» Work instruction:
Print the data that follows word for word, leaving out any picture.

» Recorded information:
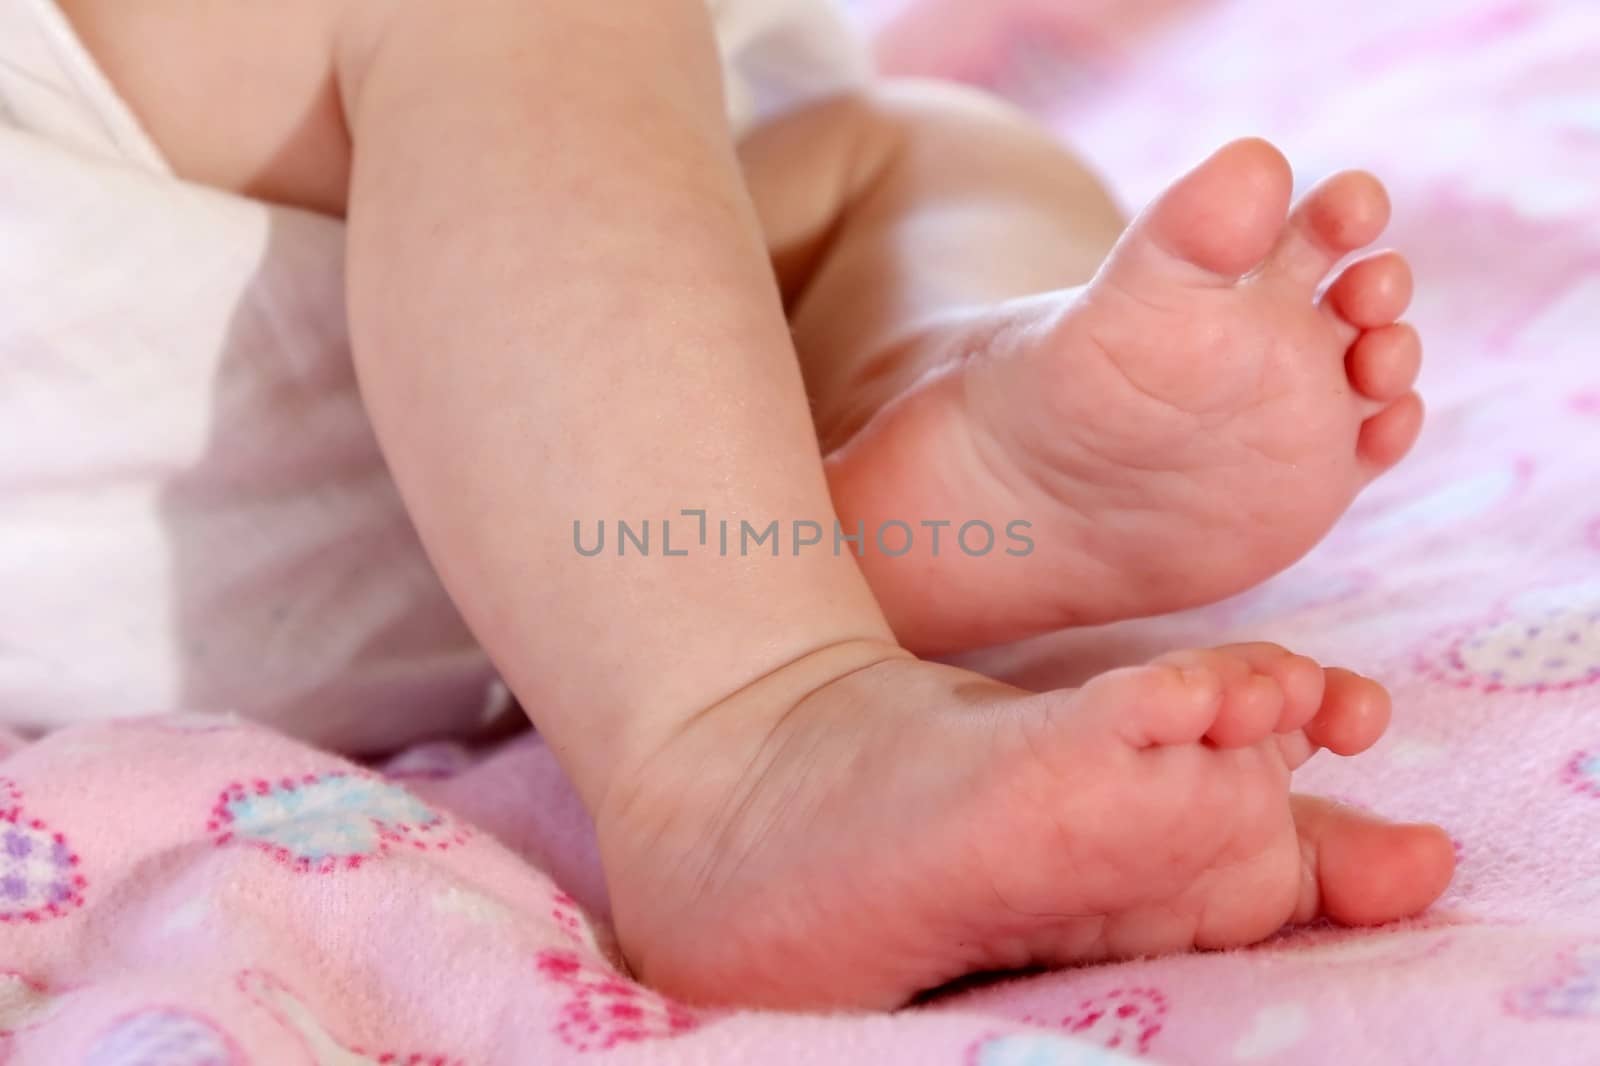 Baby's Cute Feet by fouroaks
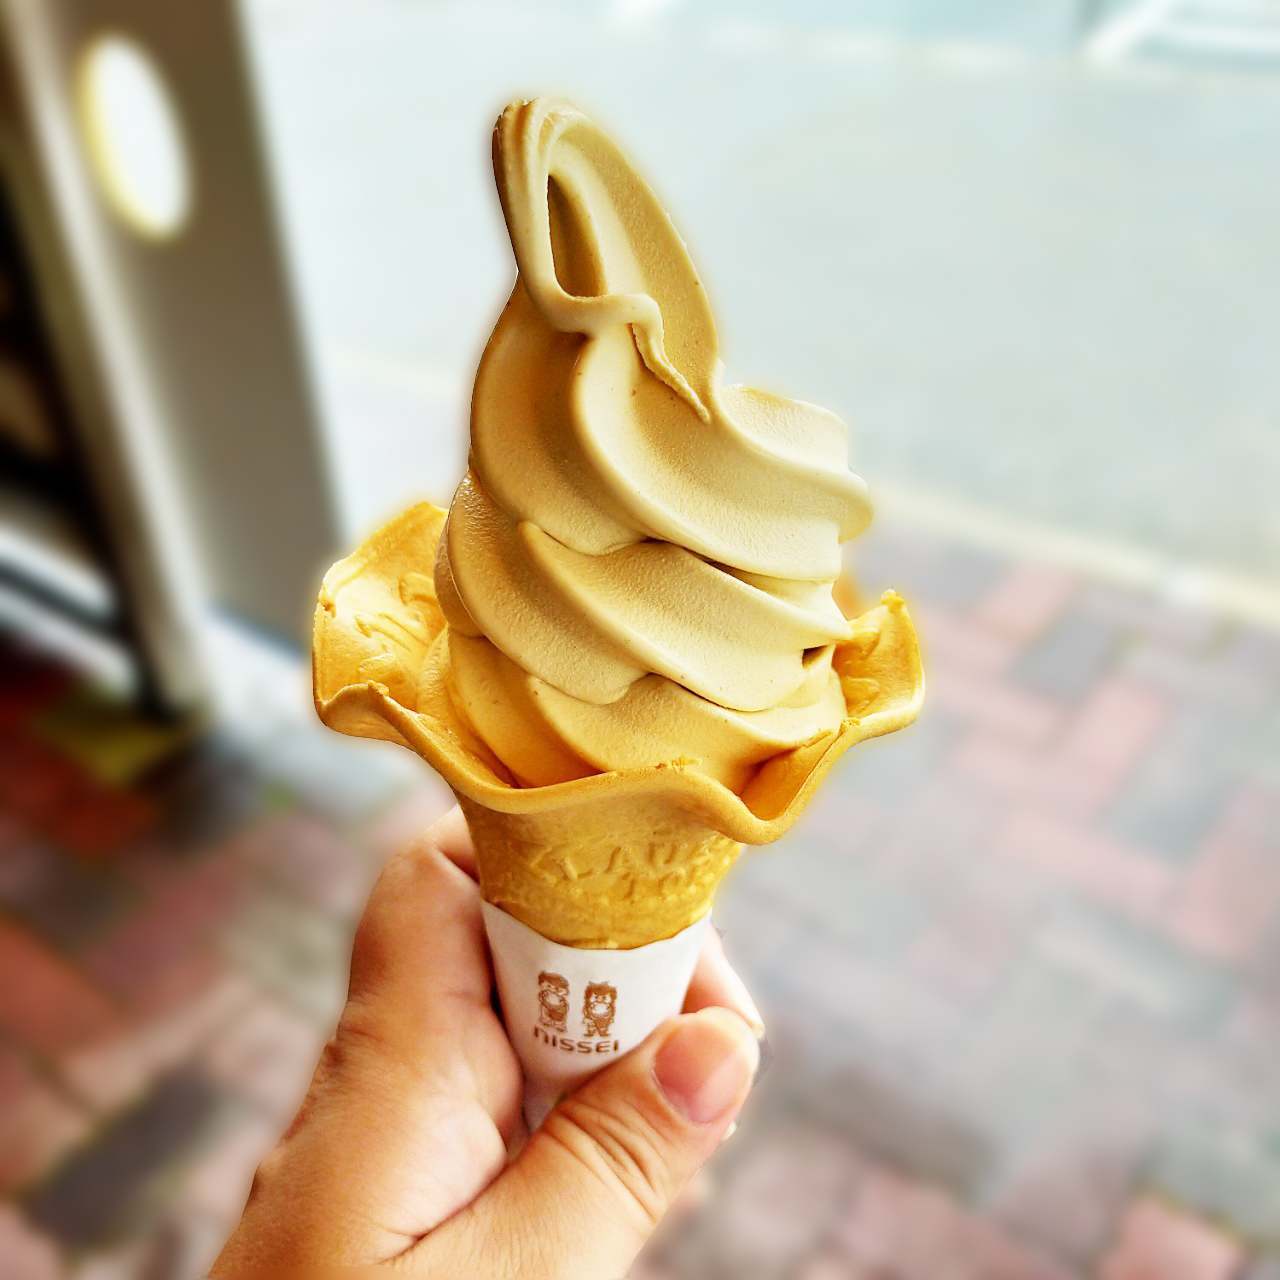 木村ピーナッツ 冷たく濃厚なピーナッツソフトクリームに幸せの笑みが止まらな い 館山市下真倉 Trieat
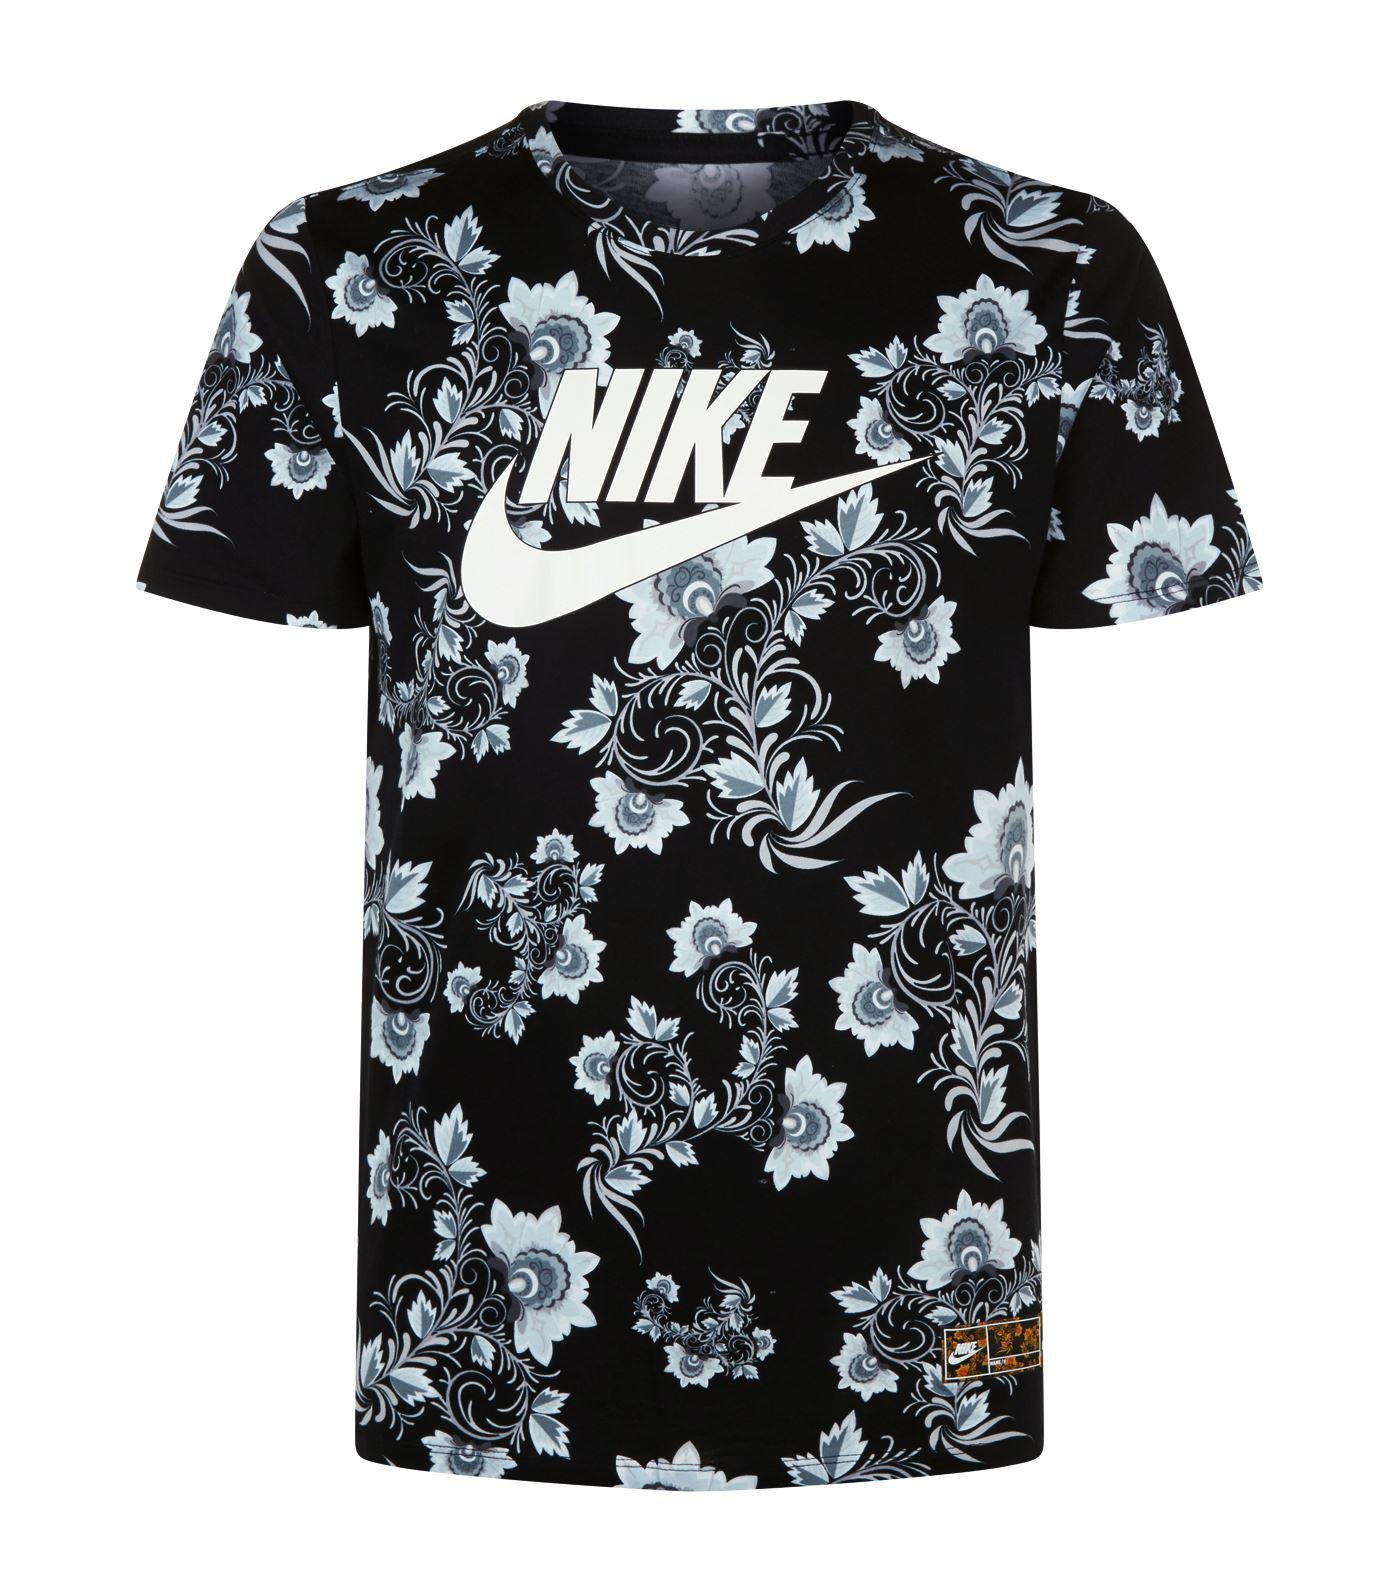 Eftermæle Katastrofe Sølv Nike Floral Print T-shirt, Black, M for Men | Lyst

» Reply:
 Baby's Cute Feet by fouroaks
 木村ピーナッツ 冷たく濃厚なピーナッツソフトクリームに幸せの笑みが止まらな い 館山市下真倉 Trieat
 Eftermæle Katastrofe Sølv Nike Floral Print T-shirt, Black, M for Men | Lyst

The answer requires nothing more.